▶ [What to do]
The answer must consist of every line in the records that contains the word "vintage".
Start of Block
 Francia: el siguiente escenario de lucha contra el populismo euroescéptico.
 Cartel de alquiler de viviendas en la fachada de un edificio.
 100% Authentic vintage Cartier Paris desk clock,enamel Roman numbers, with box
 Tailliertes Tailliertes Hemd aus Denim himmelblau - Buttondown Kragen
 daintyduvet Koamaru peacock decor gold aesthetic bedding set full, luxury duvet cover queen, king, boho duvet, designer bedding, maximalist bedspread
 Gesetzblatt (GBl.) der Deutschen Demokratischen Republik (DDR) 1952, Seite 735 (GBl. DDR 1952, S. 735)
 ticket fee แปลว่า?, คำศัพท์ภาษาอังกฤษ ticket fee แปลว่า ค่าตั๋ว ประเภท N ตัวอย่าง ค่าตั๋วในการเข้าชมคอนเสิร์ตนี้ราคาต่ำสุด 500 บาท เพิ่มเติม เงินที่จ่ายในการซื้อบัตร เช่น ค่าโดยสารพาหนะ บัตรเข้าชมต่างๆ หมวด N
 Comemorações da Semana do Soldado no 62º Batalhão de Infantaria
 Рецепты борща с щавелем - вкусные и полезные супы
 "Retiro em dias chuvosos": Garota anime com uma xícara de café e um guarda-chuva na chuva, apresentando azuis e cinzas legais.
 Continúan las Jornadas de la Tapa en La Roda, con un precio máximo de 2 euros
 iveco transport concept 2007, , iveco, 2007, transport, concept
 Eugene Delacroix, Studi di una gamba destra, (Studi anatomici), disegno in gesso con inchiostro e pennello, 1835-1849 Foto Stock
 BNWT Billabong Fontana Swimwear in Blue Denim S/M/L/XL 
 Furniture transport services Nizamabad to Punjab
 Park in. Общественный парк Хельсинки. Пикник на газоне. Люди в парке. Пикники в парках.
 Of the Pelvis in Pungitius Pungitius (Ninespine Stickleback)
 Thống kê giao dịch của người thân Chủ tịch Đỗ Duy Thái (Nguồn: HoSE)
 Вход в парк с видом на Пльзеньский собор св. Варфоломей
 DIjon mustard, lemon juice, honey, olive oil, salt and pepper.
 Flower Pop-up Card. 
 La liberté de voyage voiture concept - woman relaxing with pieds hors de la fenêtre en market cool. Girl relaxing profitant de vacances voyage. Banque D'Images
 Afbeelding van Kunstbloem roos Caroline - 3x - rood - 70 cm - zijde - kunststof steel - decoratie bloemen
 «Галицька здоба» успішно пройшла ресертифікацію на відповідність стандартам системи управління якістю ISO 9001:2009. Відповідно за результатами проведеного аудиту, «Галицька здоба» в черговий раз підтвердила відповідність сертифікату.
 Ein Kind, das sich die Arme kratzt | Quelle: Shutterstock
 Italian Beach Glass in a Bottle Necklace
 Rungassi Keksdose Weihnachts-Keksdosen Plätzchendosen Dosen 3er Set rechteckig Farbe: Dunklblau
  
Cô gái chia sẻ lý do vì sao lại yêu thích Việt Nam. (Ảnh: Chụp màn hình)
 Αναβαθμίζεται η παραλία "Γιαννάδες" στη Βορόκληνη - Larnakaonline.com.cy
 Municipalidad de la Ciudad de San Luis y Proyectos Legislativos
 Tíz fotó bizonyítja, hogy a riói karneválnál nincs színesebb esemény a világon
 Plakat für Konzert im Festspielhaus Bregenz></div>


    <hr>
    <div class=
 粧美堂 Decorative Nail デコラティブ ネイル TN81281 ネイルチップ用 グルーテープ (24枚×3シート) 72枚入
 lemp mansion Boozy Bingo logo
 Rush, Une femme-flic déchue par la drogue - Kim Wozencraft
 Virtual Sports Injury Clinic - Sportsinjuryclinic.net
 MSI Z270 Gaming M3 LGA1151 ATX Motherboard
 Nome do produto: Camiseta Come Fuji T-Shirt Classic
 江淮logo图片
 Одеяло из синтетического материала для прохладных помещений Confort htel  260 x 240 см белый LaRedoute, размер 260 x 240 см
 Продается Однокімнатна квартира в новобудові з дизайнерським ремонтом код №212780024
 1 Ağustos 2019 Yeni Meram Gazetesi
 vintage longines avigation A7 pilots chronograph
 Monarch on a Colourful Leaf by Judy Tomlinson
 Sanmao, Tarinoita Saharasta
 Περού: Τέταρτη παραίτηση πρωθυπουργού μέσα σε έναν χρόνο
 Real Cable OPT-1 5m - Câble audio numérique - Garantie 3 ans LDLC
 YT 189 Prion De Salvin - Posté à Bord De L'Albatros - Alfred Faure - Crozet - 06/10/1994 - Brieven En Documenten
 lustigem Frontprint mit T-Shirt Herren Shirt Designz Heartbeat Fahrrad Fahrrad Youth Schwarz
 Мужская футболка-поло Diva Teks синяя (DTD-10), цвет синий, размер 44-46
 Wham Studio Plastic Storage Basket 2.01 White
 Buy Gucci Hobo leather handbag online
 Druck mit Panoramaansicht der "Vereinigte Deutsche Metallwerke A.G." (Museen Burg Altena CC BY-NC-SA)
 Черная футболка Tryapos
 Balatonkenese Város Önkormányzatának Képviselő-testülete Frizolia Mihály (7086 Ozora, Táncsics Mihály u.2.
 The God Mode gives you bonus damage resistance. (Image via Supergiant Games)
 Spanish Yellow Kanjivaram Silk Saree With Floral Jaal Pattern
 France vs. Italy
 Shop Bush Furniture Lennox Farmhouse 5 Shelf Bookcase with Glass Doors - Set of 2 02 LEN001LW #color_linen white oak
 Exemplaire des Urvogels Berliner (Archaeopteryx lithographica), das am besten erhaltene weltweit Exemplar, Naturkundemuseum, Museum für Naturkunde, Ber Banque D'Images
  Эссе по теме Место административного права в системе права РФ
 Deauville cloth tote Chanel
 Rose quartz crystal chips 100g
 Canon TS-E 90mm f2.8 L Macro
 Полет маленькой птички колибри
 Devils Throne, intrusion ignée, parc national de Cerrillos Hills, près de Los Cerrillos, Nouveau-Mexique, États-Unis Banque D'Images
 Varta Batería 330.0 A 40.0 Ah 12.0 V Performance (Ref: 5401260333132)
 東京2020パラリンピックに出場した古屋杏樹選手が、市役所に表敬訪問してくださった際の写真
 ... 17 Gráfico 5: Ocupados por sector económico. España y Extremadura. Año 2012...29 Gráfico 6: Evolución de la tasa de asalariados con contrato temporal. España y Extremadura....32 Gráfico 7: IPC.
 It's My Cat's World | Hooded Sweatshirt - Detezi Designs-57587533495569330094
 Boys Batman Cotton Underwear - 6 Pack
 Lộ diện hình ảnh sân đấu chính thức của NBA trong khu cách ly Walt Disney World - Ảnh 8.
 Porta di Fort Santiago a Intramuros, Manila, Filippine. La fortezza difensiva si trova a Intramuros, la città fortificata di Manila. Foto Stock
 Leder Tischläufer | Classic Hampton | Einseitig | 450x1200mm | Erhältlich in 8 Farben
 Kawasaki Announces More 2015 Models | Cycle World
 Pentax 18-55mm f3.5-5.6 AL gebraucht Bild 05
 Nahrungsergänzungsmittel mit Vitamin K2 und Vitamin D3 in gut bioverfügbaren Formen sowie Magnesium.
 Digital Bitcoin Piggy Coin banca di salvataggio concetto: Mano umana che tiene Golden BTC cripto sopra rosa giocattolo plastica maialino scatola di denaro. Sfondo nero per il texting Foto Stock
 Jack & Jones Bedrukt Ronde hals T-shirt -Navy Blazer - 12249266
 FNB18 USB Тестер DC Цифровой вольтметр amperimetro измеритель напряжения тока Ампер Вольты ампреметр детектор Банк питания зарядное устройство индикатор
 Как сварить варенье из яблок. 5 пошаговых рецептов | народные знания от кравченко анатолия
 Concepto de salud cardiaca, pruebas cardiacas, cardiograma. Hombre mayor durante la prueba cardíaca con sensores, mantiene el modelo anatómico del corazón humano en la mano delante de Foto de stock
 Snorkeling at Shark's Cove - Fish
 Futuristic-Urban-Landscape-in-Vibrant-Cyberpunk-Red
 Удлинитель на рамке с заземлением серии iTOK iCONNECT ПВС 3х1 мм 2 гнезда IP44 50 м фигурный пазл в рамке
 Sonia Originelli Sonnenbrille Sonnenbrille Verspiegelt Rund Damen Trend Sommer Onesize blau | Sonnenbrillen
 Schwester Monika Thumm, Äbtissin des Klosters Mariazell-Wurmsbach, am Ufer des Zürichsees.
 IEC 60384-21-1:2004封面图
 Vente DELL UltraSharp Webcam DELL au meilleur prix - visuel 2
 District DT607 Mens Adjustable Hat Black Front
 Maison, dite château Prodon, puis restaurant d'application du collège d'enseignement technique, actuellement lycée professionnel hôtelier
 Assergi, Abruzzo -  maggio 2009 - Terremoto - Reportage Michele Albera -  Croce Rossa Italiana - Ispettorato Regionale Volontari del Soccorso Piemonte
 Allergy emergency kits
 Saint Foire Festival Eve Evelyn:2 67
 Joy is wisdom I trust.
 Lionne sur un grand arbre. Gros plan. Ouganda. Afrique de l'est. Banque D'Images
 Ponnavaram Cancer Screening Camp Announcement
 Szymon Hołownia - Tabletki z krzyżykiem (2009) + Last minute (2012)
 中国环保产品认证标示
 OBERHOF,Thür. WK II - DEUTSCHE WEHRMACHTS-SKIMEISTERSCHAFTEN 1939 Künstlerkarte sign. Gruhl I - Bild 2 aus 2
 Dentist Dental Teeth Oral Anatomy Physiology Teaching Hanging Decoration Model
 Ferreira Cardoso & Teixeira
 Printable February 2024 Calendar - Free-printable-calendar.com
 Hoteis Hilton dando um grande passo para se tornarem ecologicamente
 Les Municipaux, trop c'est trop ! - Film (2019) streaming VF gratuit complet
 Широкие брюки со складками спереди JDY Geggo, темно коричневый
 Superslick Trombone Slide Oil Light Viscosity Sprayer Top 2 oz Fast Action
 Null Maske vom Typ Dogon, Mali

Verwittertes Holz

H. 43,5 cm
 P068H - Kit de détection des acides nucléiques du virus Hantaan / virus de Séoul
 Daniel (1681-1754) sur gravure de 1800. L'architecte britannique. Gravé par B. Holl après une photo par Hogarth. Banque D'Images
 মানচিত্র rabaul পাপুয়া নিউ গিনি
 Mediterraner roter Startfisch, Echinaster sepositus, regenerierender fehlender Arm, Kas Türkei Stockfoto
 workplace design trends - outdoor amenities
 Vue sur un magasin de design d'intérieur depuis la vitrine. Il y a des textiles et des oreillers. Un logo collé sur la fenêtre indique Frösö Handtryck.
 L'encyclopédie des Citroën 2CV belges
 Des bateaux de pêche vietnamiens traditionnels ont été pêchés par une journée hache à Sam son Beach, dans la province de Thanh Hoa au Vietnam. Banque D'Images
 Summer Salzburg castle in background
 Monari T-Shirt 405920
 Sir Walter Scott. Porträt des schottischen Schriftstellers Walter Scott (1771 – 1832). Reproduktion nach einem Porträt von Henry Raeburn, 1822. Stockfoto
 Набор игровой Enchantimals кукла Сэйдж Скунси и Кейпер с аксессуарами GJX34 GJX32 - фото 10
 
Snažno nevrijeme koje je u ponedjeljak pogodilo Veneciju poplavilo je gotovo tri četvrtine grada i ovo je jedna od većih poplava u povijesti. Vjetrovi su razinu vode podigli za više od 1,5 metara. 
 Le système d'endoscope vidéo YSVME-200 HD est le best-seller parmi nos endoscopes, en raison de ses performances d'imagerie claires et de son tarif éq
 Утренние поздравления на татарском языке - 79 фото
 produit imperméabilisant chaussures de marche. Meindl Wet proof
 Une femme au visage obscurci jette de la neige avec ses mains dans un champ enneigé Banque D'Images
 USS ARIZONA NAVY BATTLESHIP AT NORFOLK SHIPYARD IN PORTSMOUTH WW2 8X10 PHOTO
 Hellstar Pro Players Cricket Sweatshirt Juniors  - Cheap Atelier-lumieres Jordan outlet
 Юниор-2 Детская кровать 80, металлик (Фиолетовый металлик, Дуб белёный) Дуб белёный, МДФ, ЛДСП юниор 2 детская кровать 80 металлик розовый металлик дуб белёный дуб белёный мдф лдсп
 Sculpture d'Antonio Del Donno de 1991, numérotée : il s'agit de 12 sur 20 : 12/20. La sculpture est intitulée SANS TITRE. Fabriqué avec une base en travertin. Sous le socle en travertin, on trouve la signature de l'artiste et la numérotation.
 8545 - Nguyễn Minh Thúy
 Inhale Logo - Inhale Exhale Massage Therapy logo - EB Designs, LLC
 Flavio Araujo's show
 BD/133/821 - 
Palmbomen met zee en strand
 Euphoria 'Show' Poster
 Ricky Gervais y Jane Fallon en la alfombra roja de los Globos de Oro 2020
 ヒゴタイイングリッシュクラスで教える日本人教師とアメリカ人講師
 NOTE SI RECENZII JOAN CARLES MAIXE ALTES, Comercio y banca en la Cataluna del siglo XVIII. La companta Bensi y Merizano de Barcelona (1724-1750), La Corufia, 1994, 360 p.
End of Block
▶ [Expected output]
 100% Authentic vintage Cartier Paris desk clock,enamel Roman numbers, with box
 vintage longines avigation A7 pilots chronograph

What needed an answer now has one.